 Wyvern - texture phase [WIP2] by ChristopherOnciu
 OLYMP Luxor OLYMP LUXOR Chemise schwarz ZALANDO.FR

----

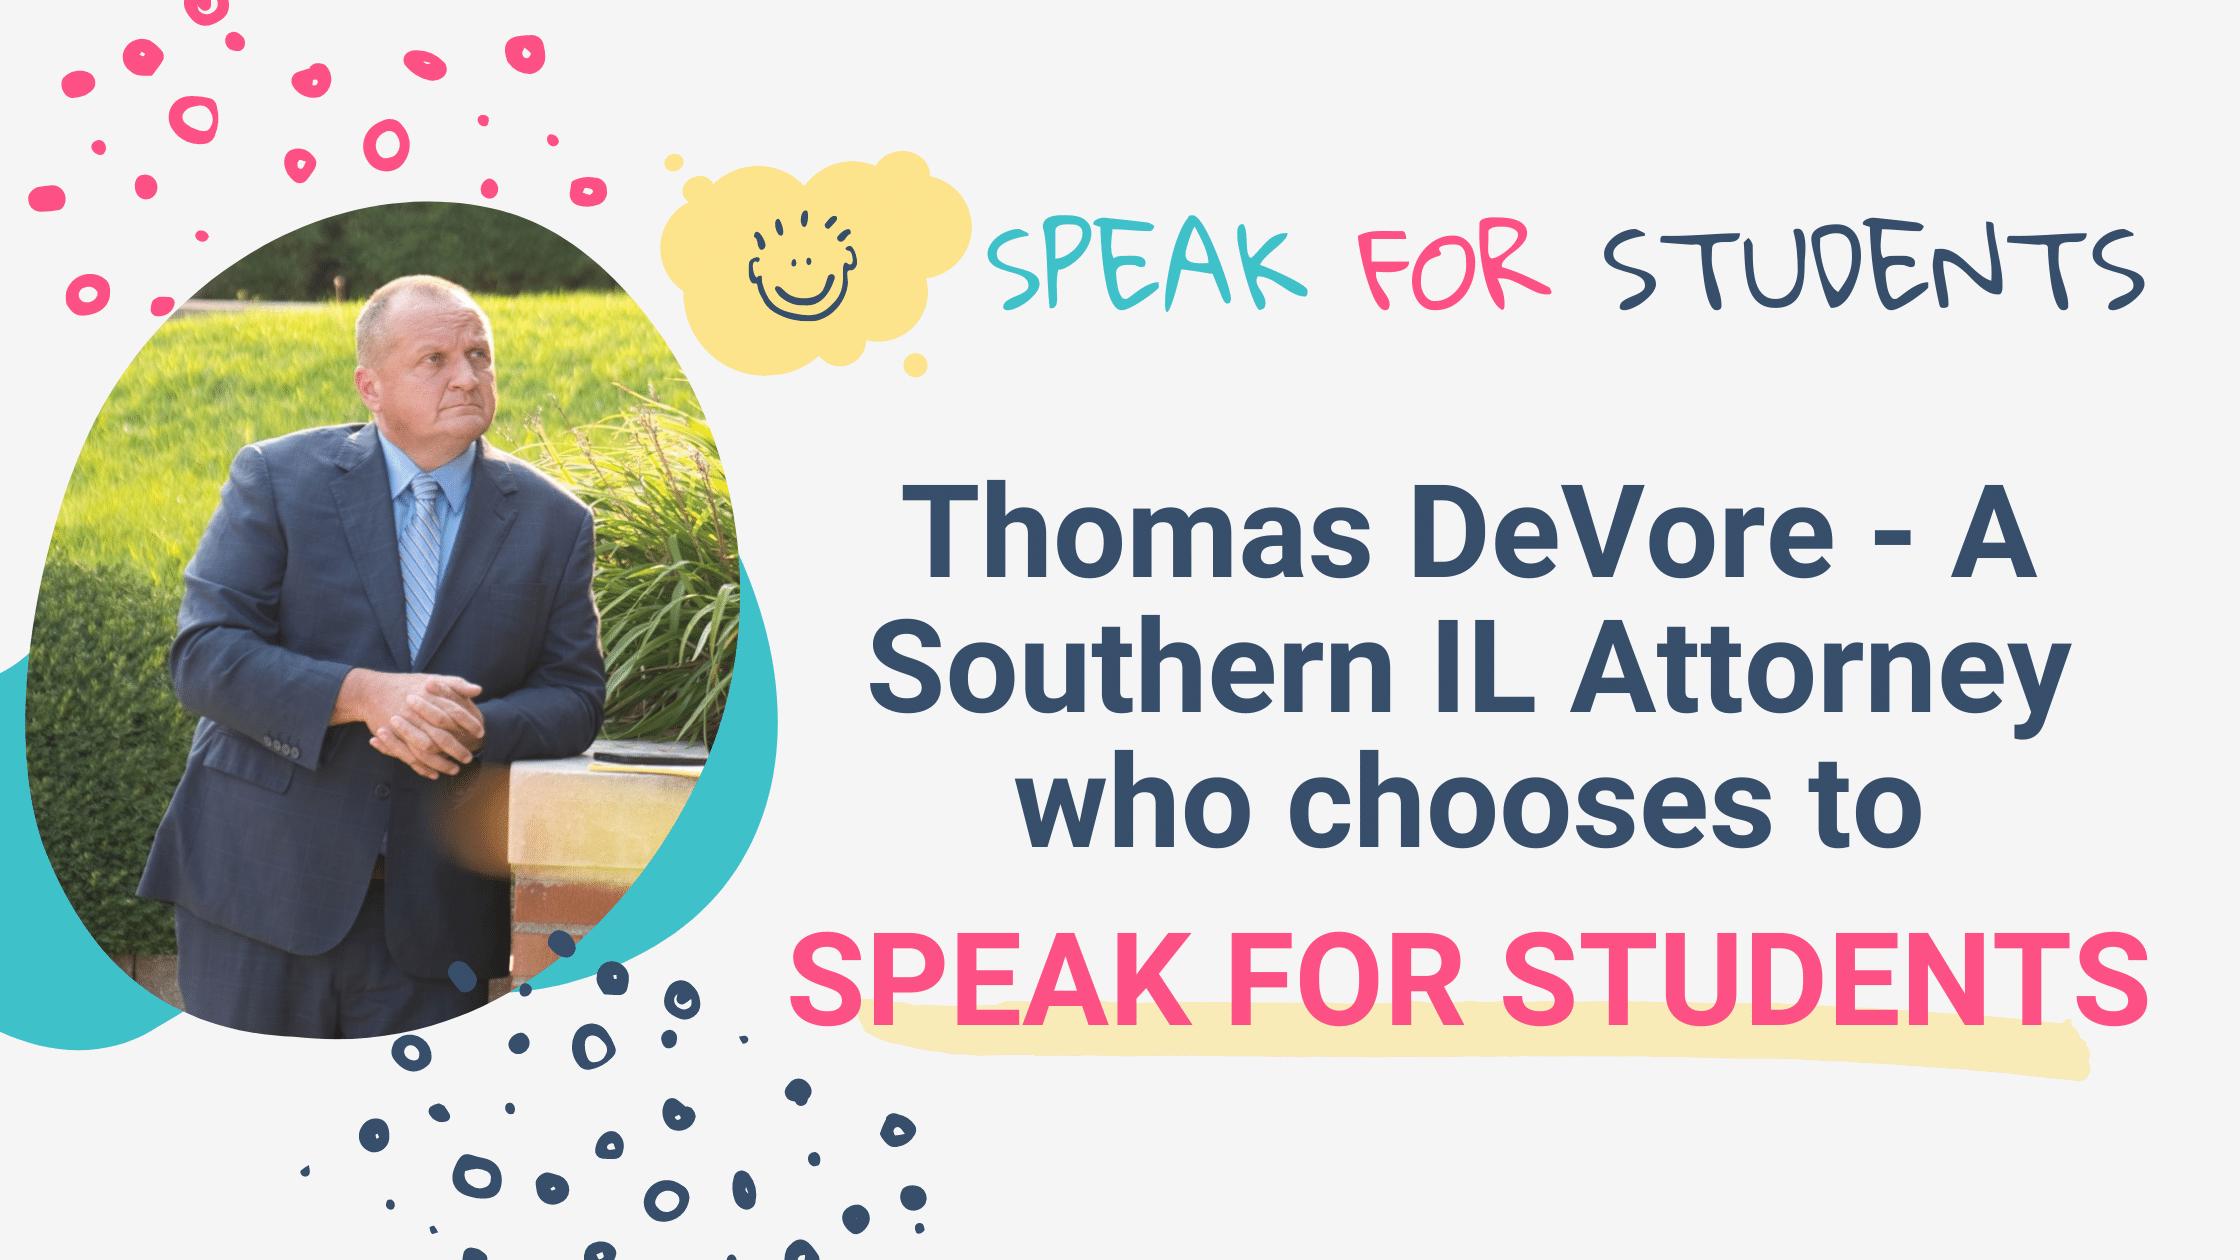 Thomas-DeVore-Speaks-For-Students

----

▶ _TO DO_: Above are the records. Print exactly, and only, the lines from the line with "Wyvern - texture" to the line with "OLYMP Luxor OLYMP", both inclusive.

▶ _TASK OUTPUT_:
 Wyvern - texture phase [WIP2] by ChristopherOnciu
 OLYMP Luxor OLYMP LUXOR Chemise schwarz ZALANDO.FR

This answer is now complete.